(Beginning of Supplied information)

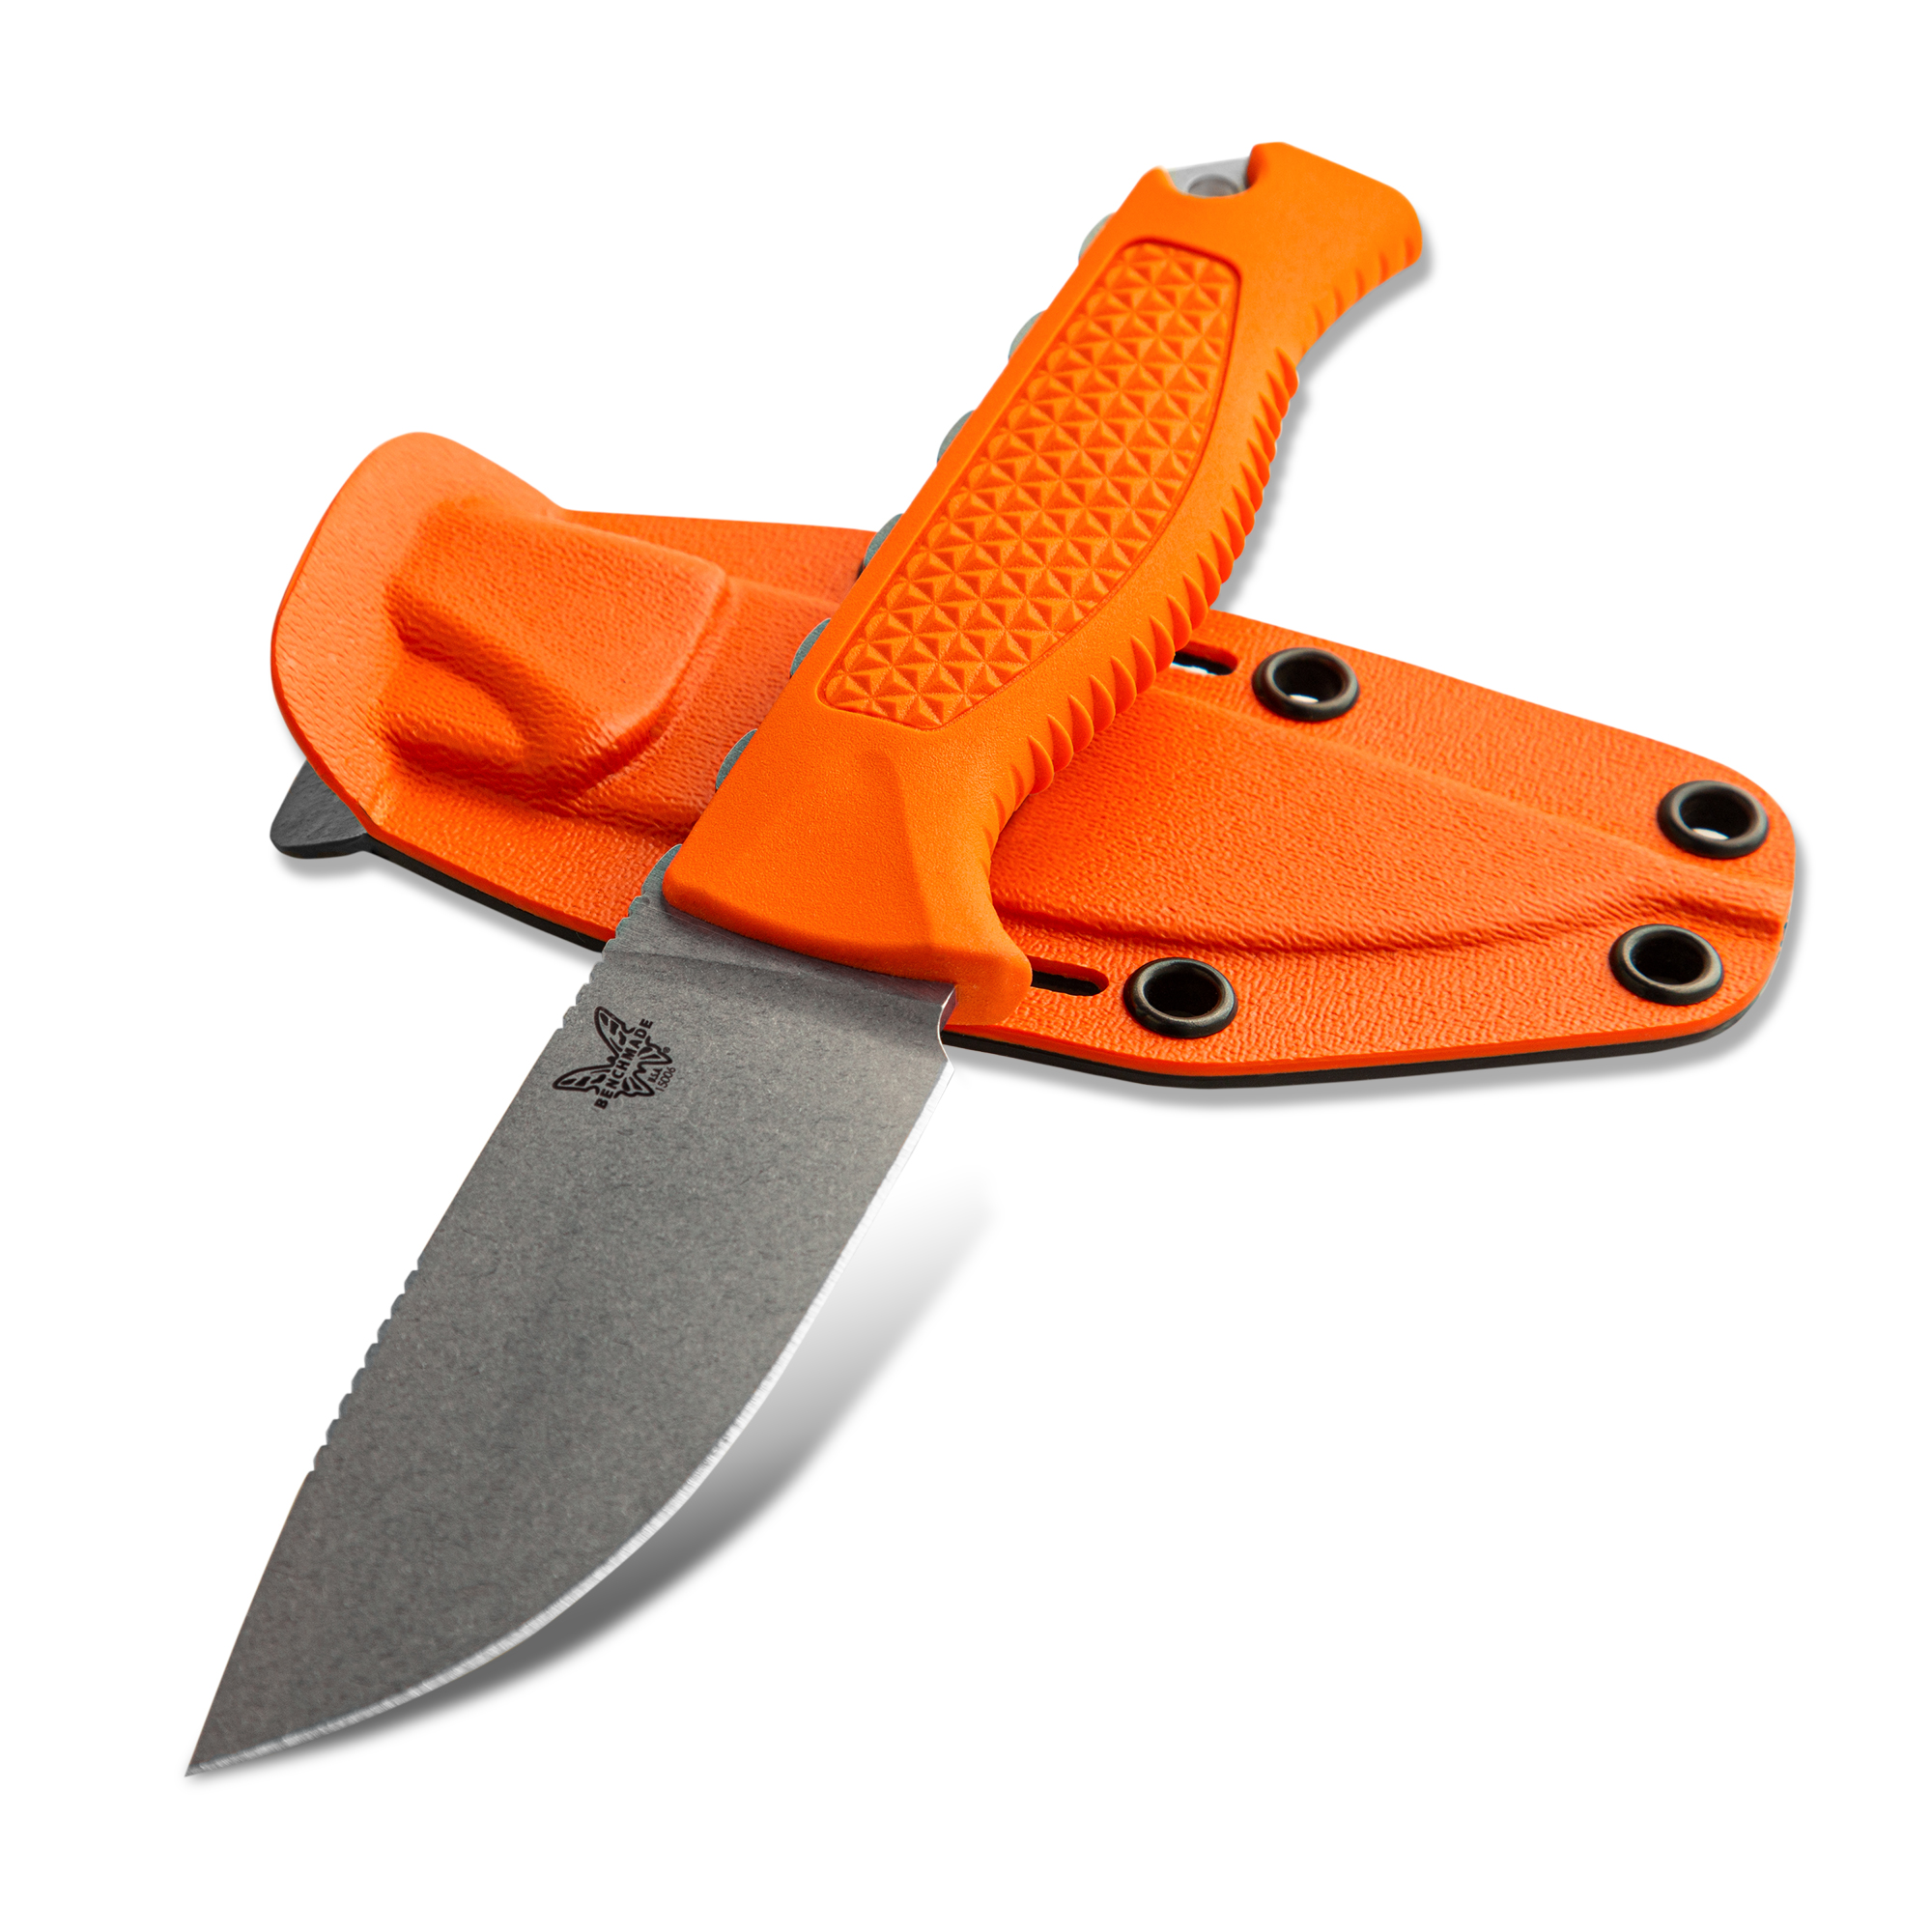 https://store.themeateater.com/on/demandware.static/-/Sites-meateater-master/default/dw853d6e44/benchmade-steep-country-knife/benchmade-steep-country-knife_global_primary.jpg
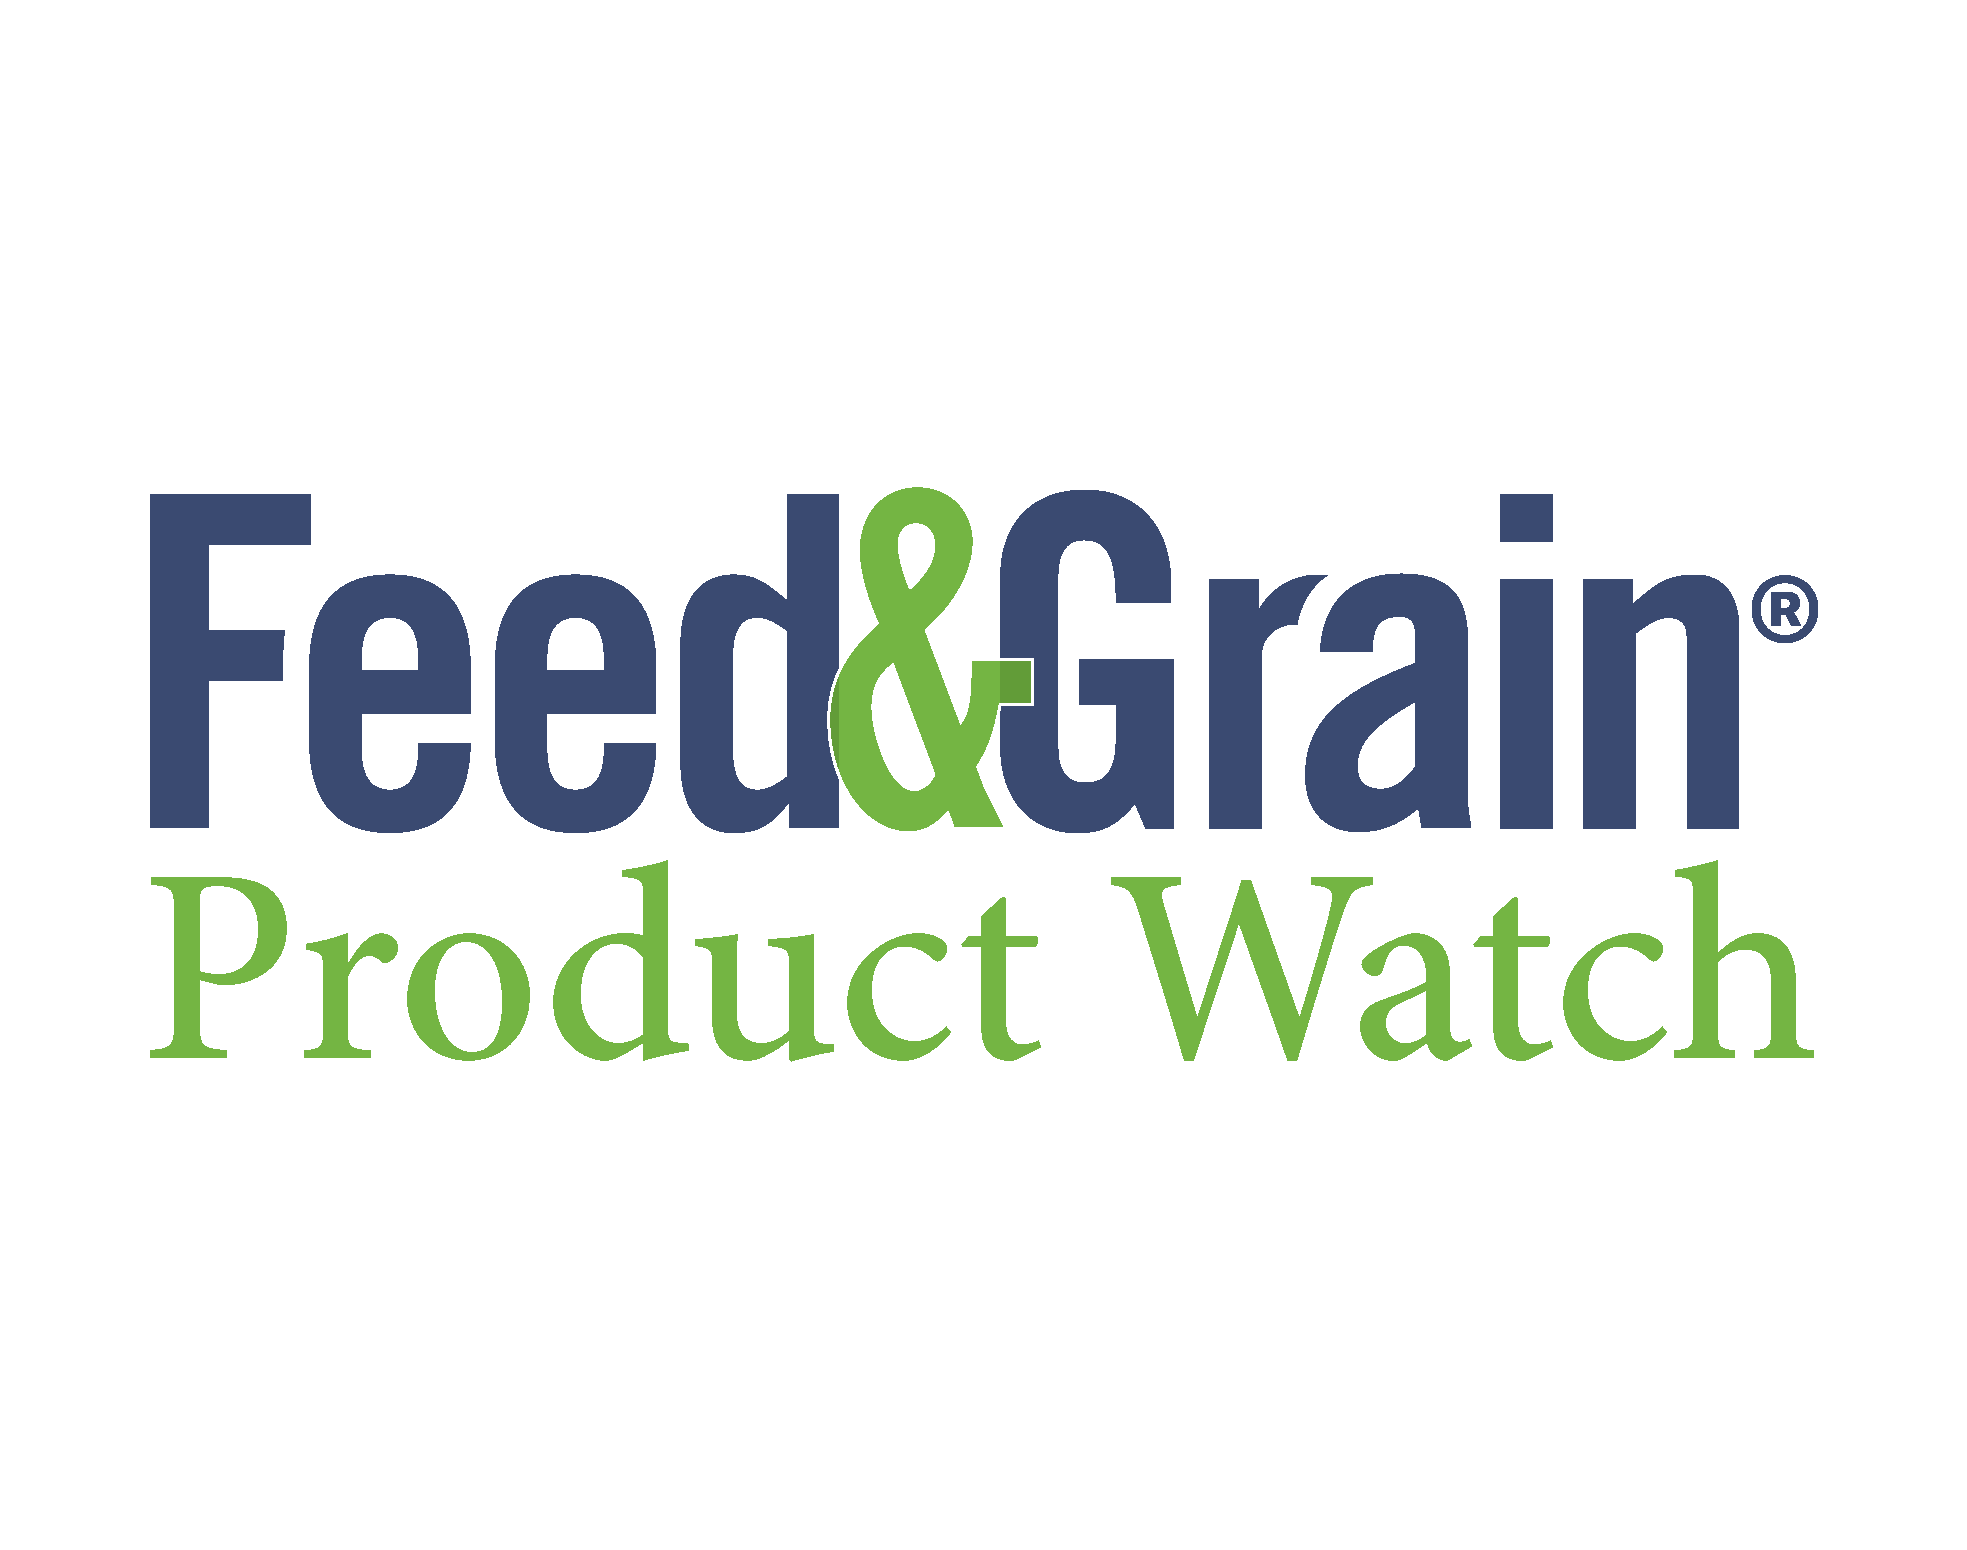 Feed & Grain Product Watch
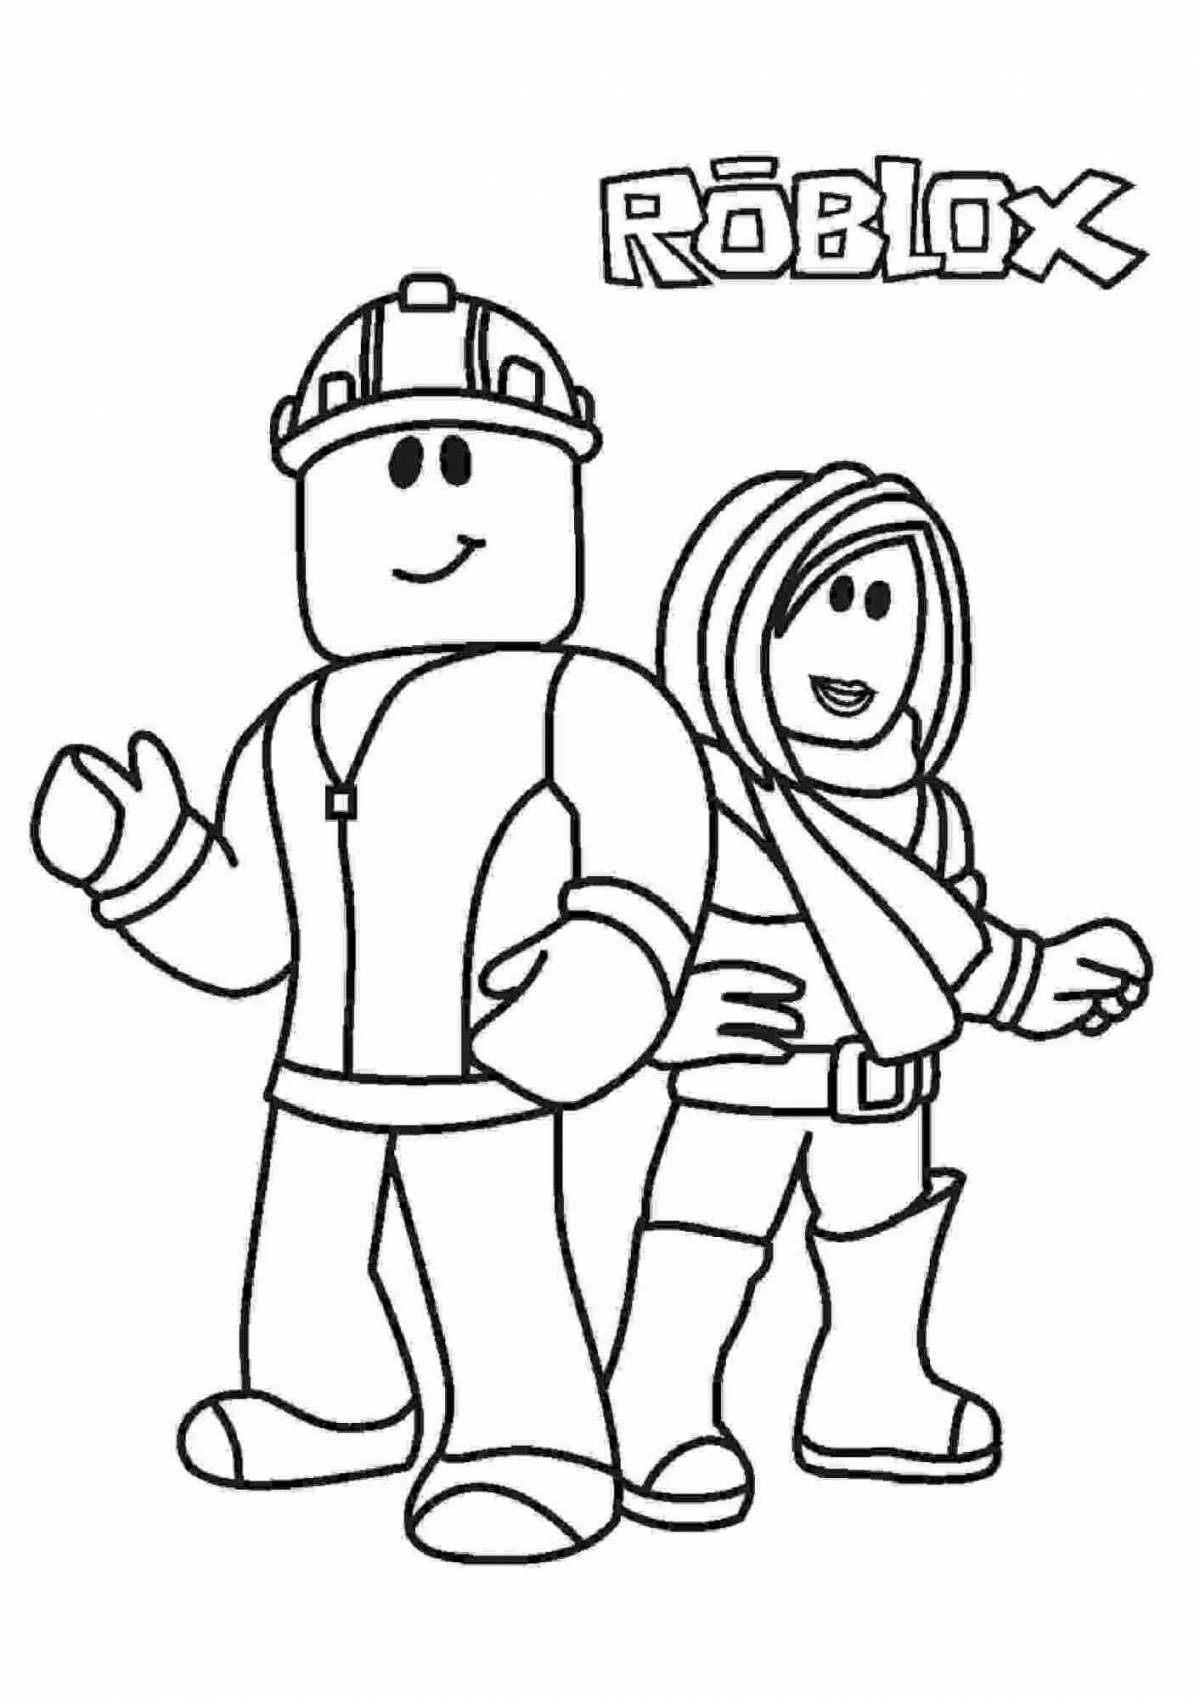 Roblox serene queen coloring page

(End of Supplied information)

* [What you will do]
From the first line to the last, write out the data exactly, dropping any pictures.

* [Exercise answer]
 https://store.themeateater.com/on/demandware.static/-/Sites-meateater-master/default/dw853d6e44/benchmade-steep-country-knife/benchmade-steep-country-knife_global_primary.jpg
 Feed & Grain Product Watch
 Roblox serene queen coloring page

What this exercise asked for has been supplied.